Pumpkin Pie with Almond Flour Crust
For the Almond Flour Crust:
- 2 cups almond flour
- 2 tablespoons coconut sugar
- 1/4 teaspoon salt
- 1/4 cup coconut oil melted
- 1 tablespoon flaxseed meal mixed with 3 tablespoons water (flax egg)
For the Pumpkin Filling:
- 1 3/4 cups pumpkin purée (canned or fresh)
- 3/4 cup coconut milk (full-fat, shaken)
- 1/2 cup maple syrup
- 2 tablespoons arrowroot powder
- 1 teaspoon vanilla extract
- 1 1/2 teaspoons cinnamon
- 1/2 teaspoon nutmeg
- 1/2 teaspoon ginger
- 1/4 teaspoon cloves
- 1/4 teaspoon salt
1. Preheat the Oven:
- Preheat your oven to 350°F.
2. Make the Crust:
- In a medium mixing bowl, combine almond flour, coconut sugar, and salt.
- Add the melted coconut oil and flax egg, mixing until the dough forms a ball.

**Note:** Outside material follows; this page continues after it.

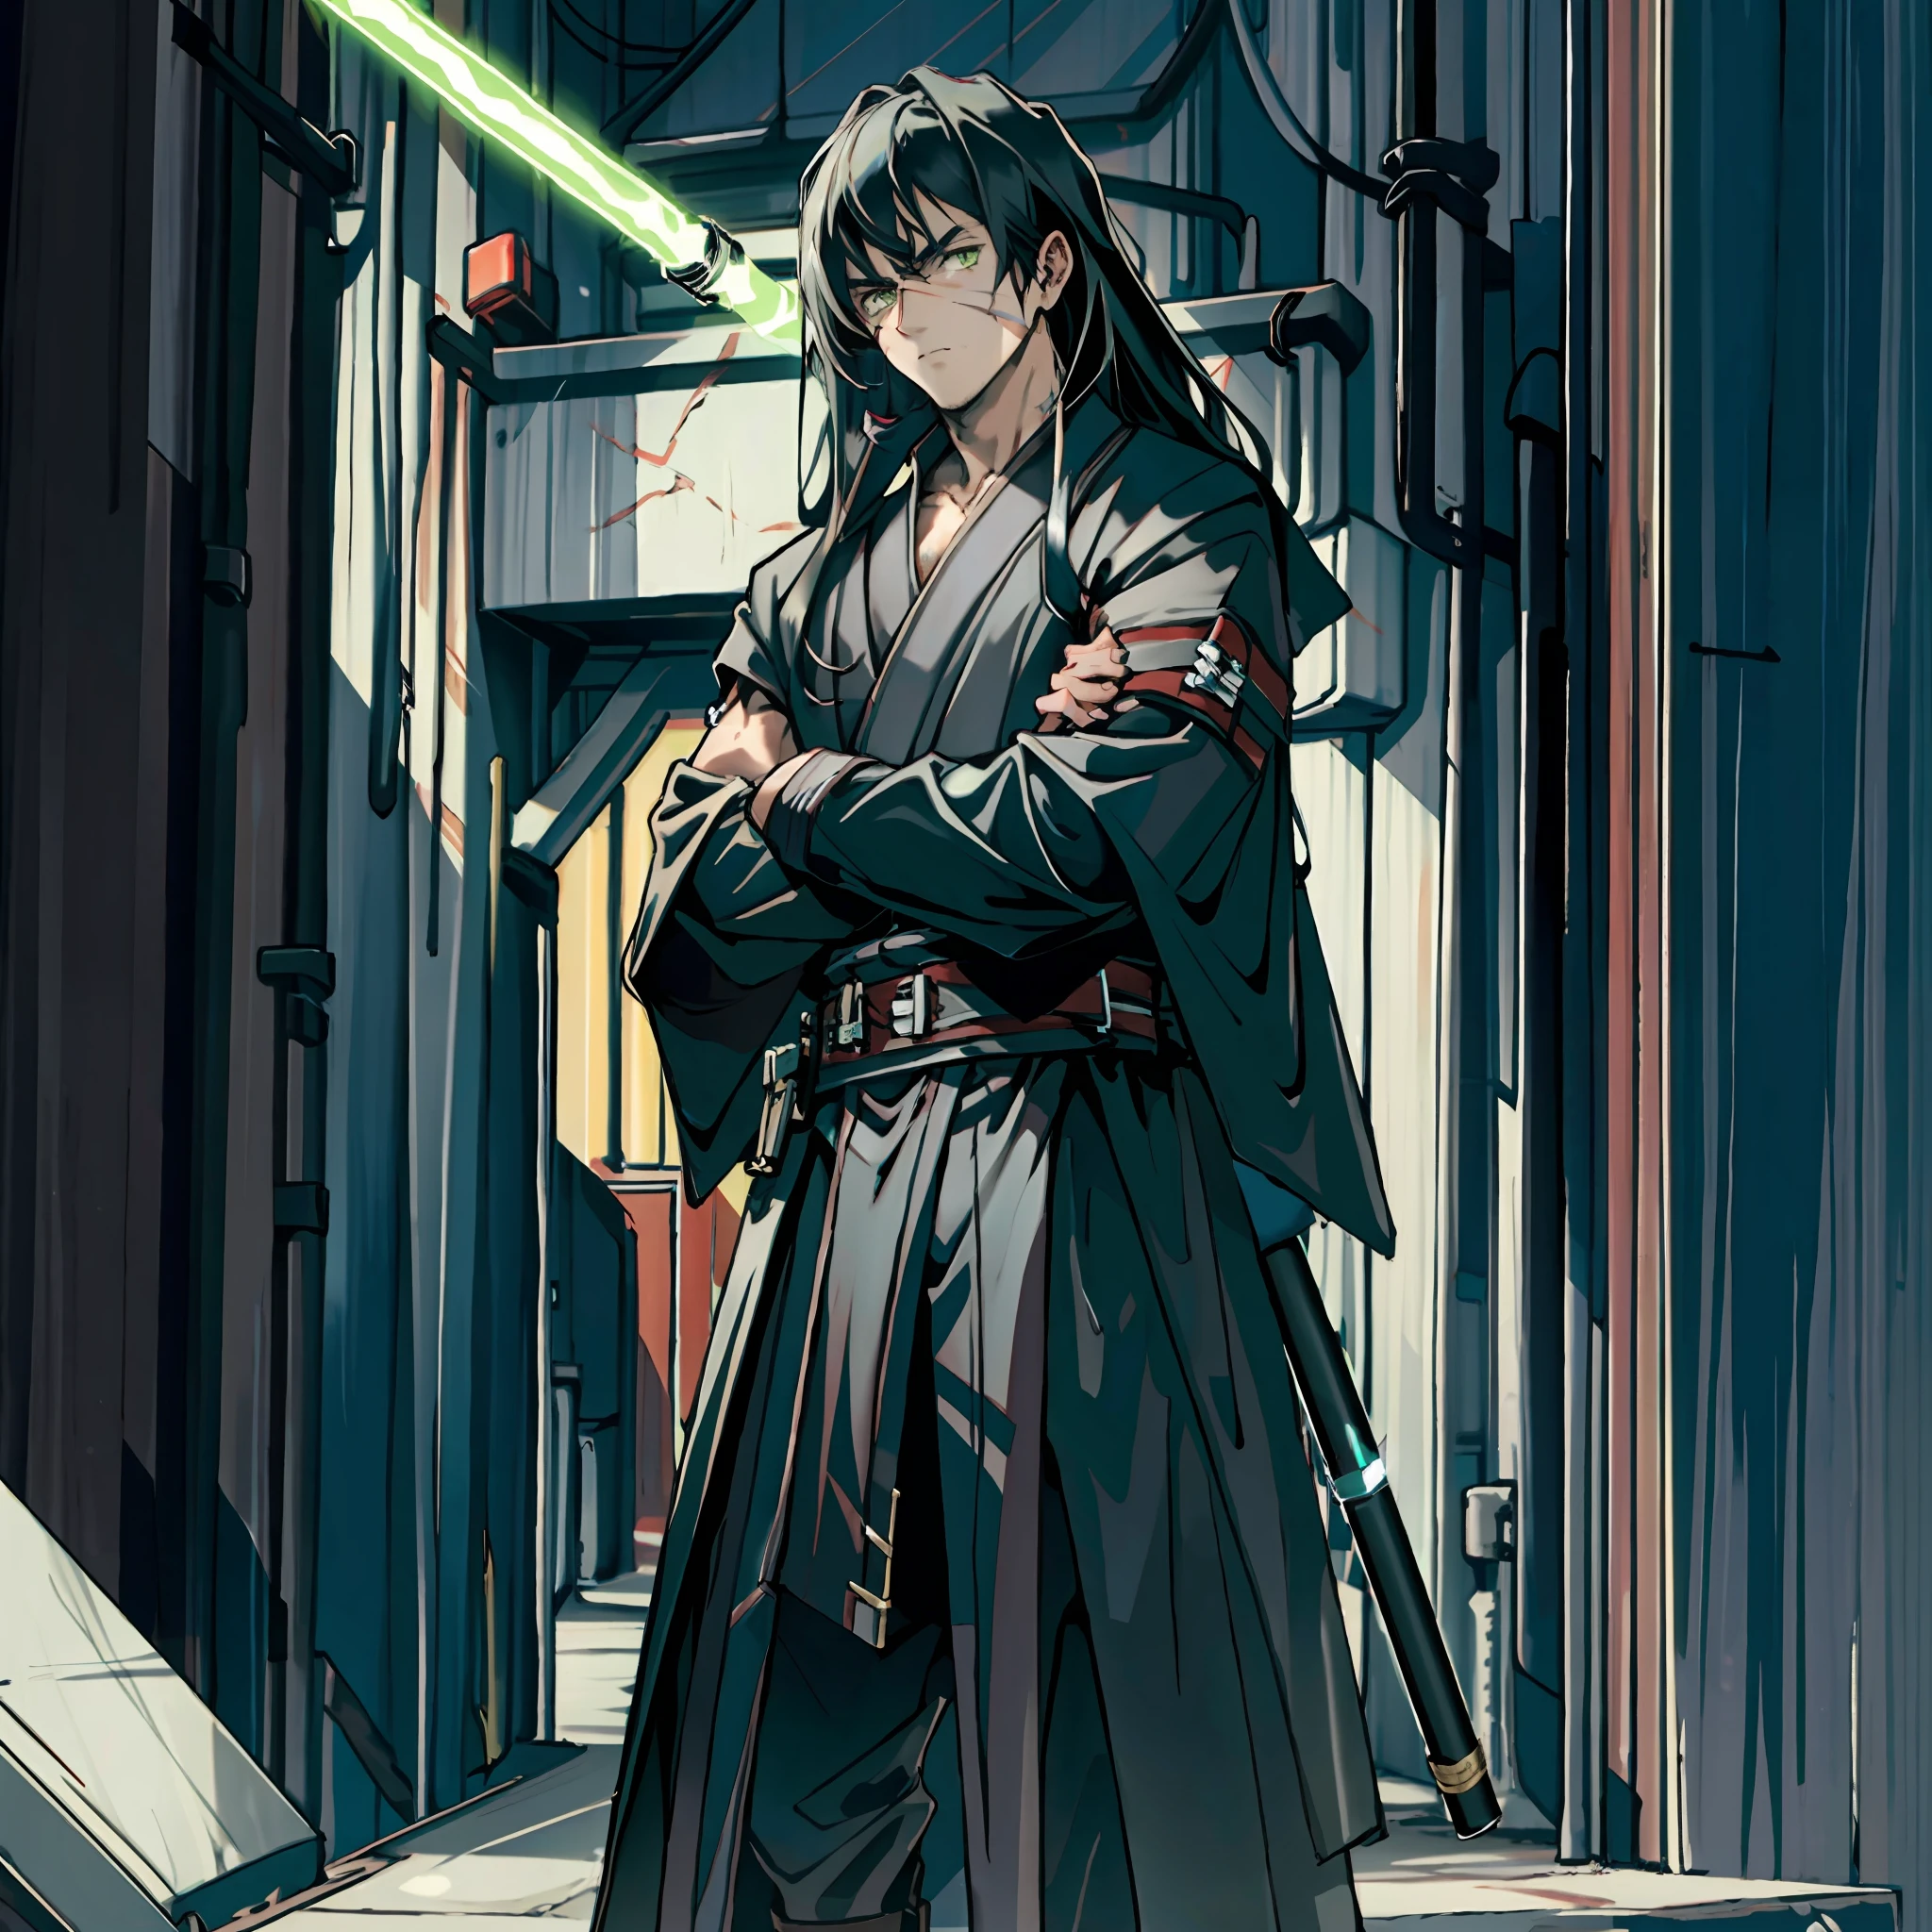 8k, Best quality, masterpiece, 1boy, long black hair, tall, lean, Jedi outfit, dark Jedi outfit, sith, sith outfit, 1human, male, half-lidded expression, bored look, cold stare, Facial scar, face scar, dark background, low exposure, in jedioutfit, arms crossed, lightsaber on belt, lime green eyes

- Press the dough evenly into a 9-inch pie pan, ensuring the edges are smooth and even.
- Bake the crust for 10 minutes, then set aside to cool slightly.
3. Prepare the Filling:
- In a large bowl, whisk together the pumpkin purée, coconut milk, maple syrup, arrowroot, vanilla, cinnamon, nutmeg, ginger, cloves, and salt until smooth.
4. Assemble the Pie:
- Pour the filling into the pre-baked crust and smooth the top with a spatula.
5. Bake:
- Bake the pie for 50–55 minutes, or until the filling is set but still slightly jiggly in the center.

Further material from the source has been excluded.